» **DATASET EXCERPT**
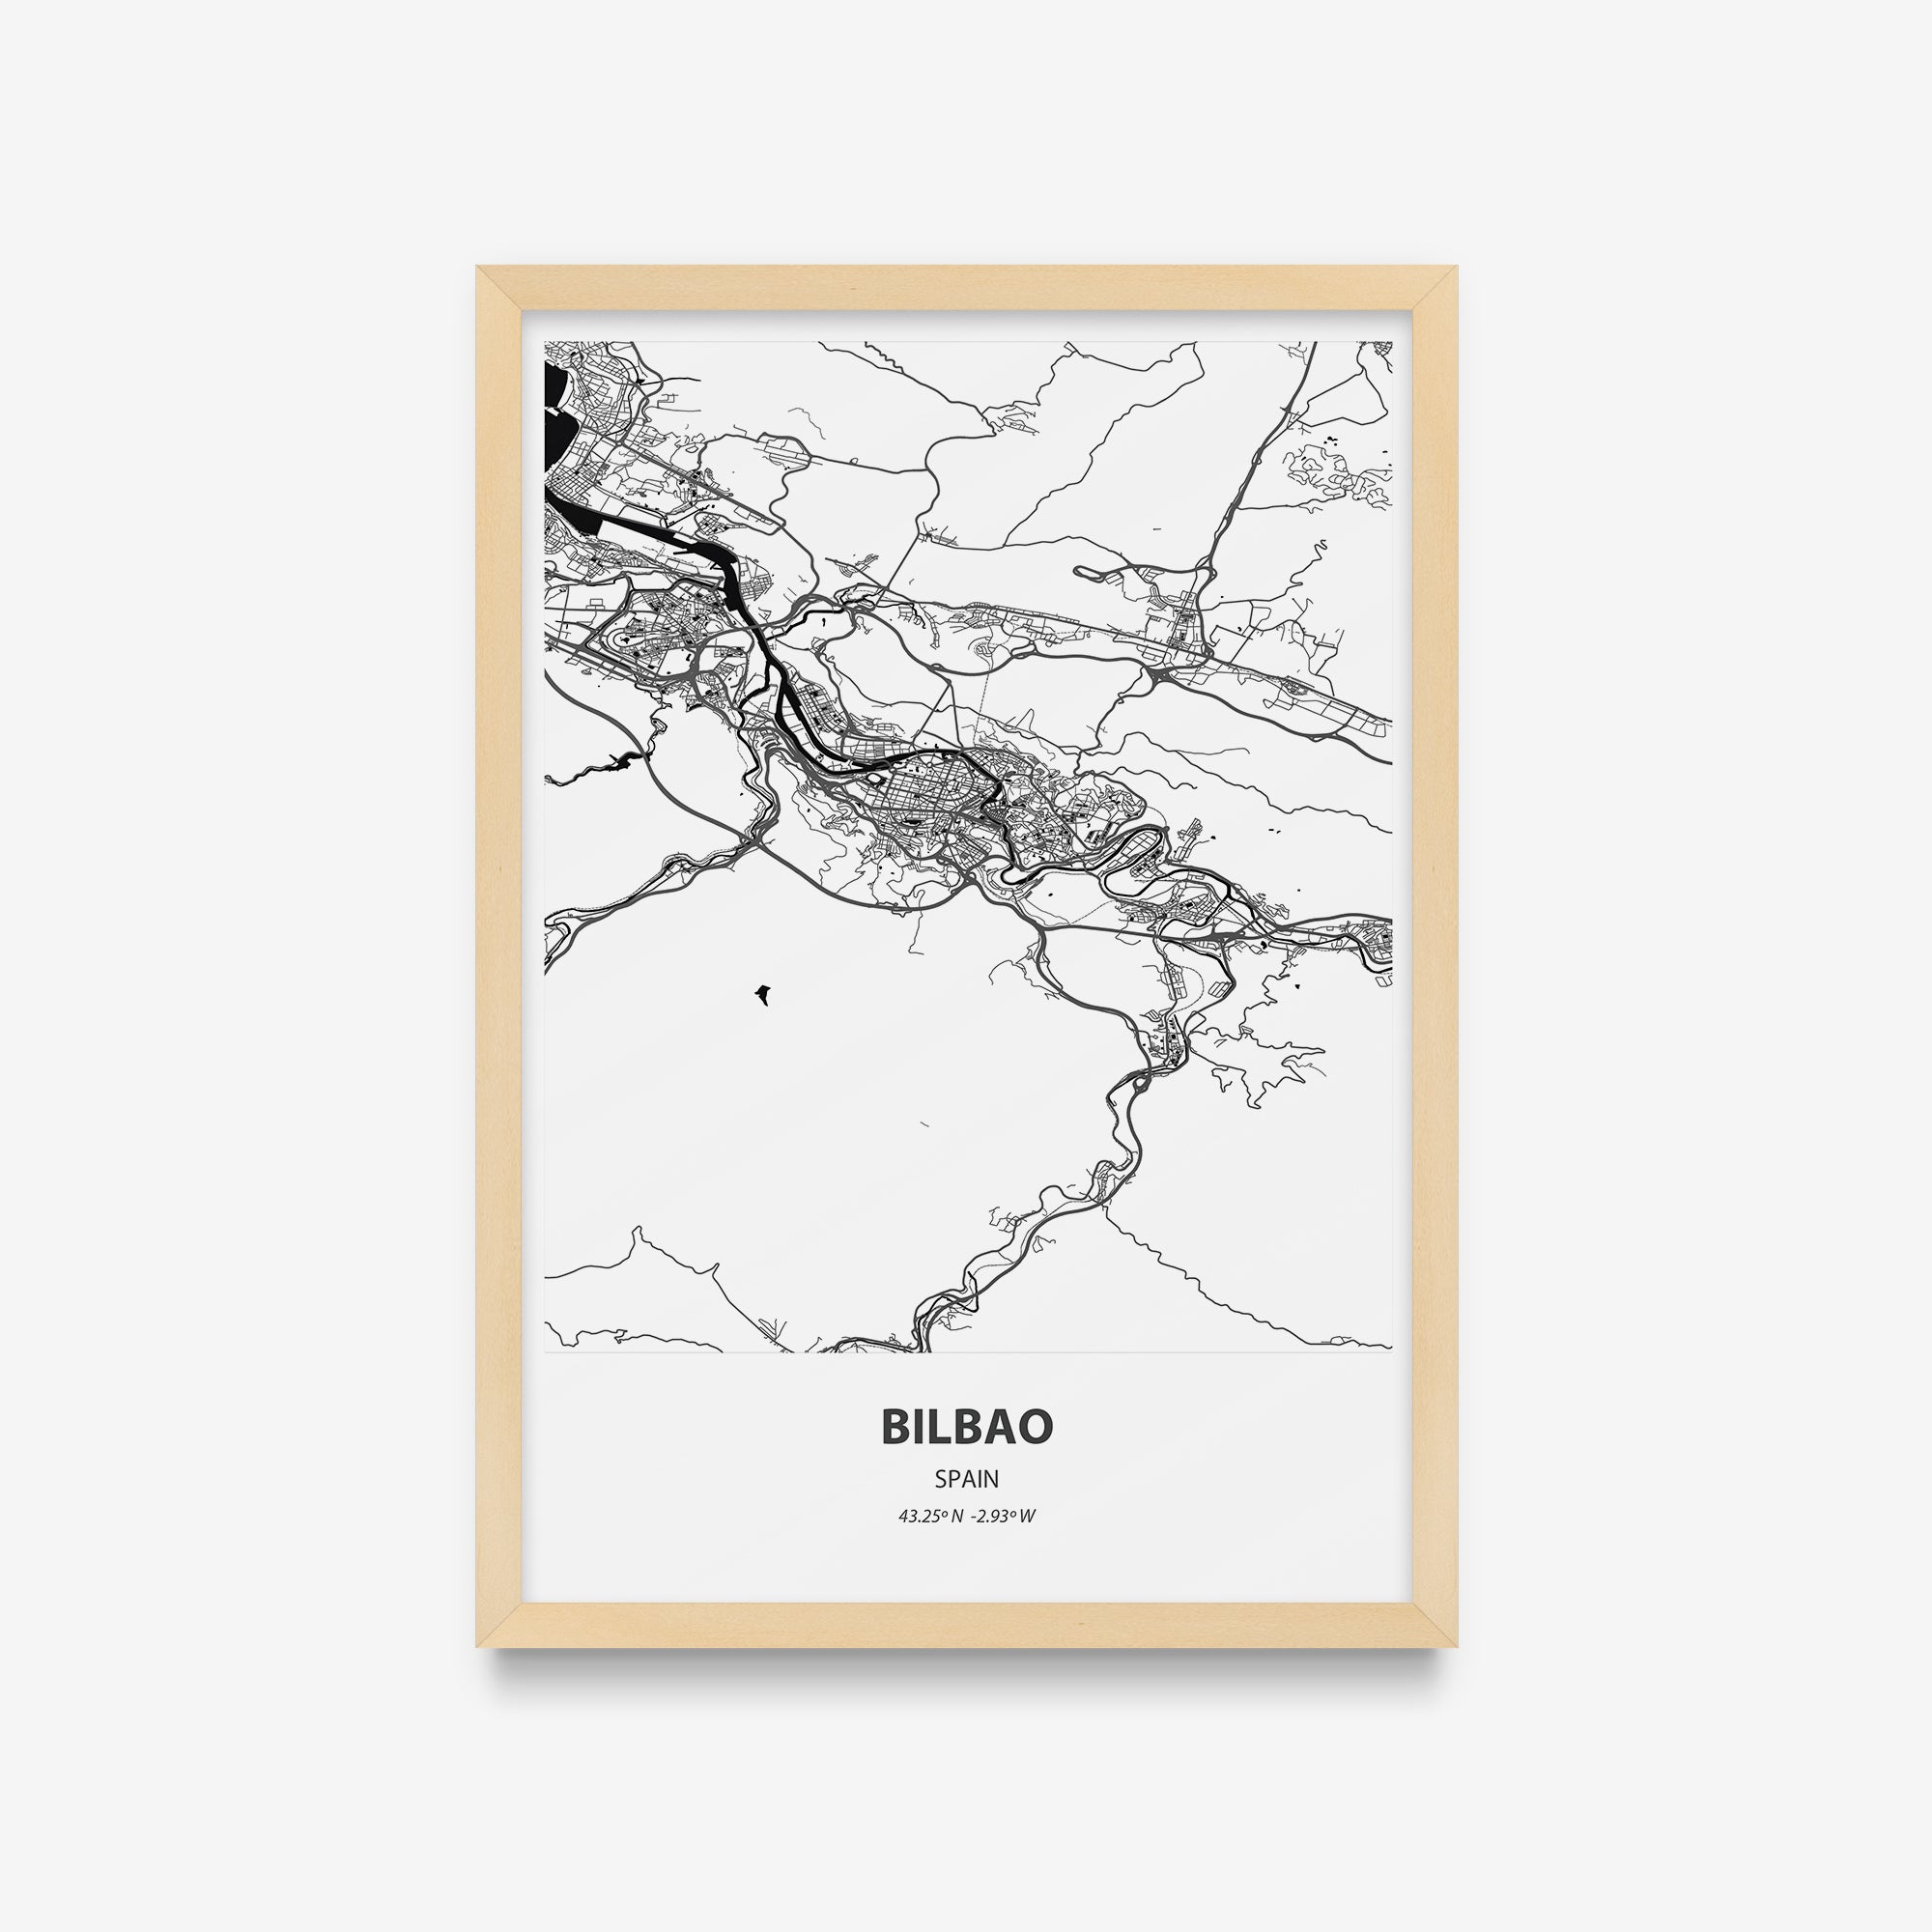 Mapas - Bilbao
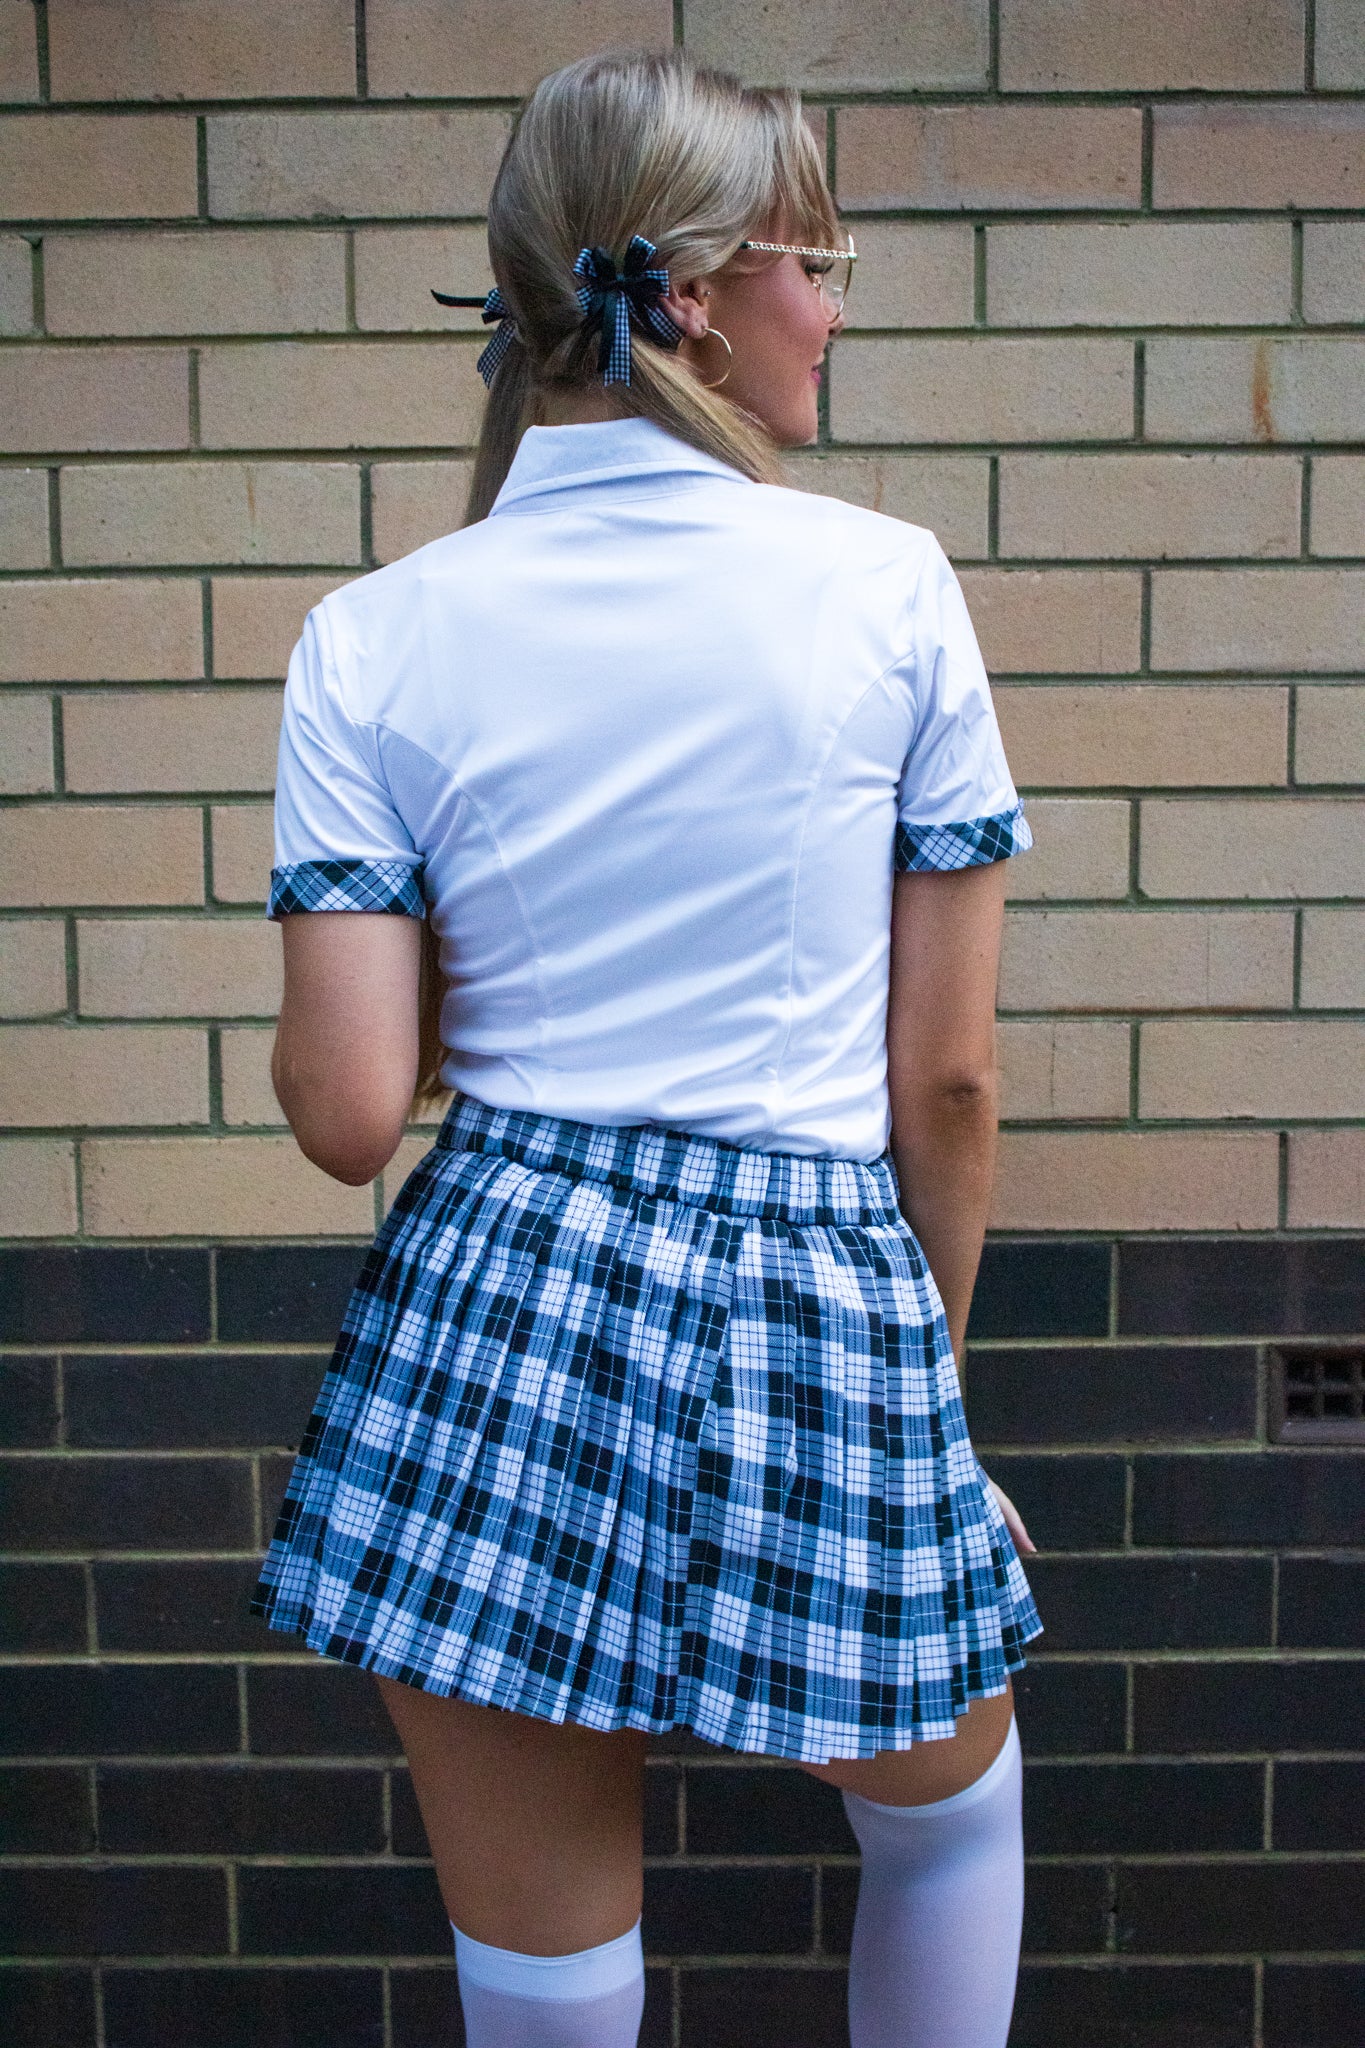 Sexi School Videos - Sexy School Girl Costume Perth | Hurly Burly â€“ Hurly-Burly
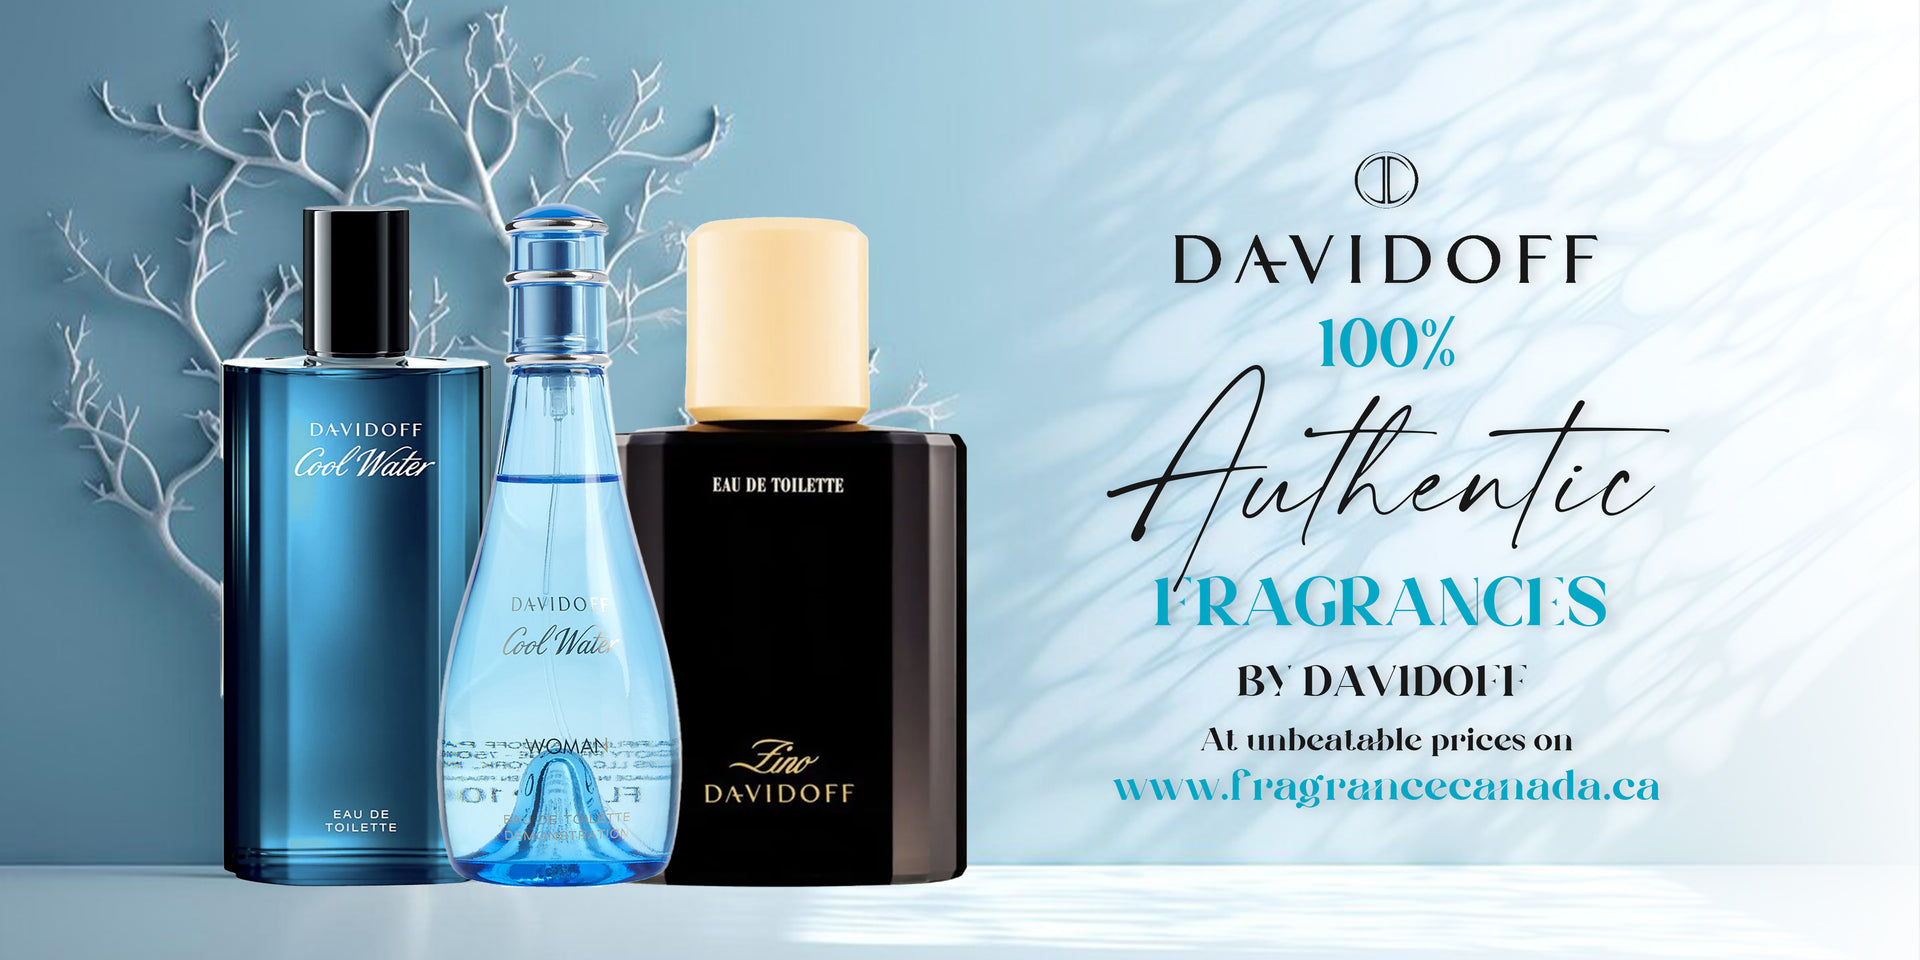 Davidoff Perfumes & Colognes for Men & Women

» **ACTIVITY**
Return every line of the listing exactly, leaving its pictures behind.

» **TASK RESPONSE**
 Mapas - Bilbao
 Sexi School Videos - Sexy School Girl Costume Perth | Hurly Burly â€“ Hurly-Burly
 Davidoff Perfumes & Colognes for Men & Women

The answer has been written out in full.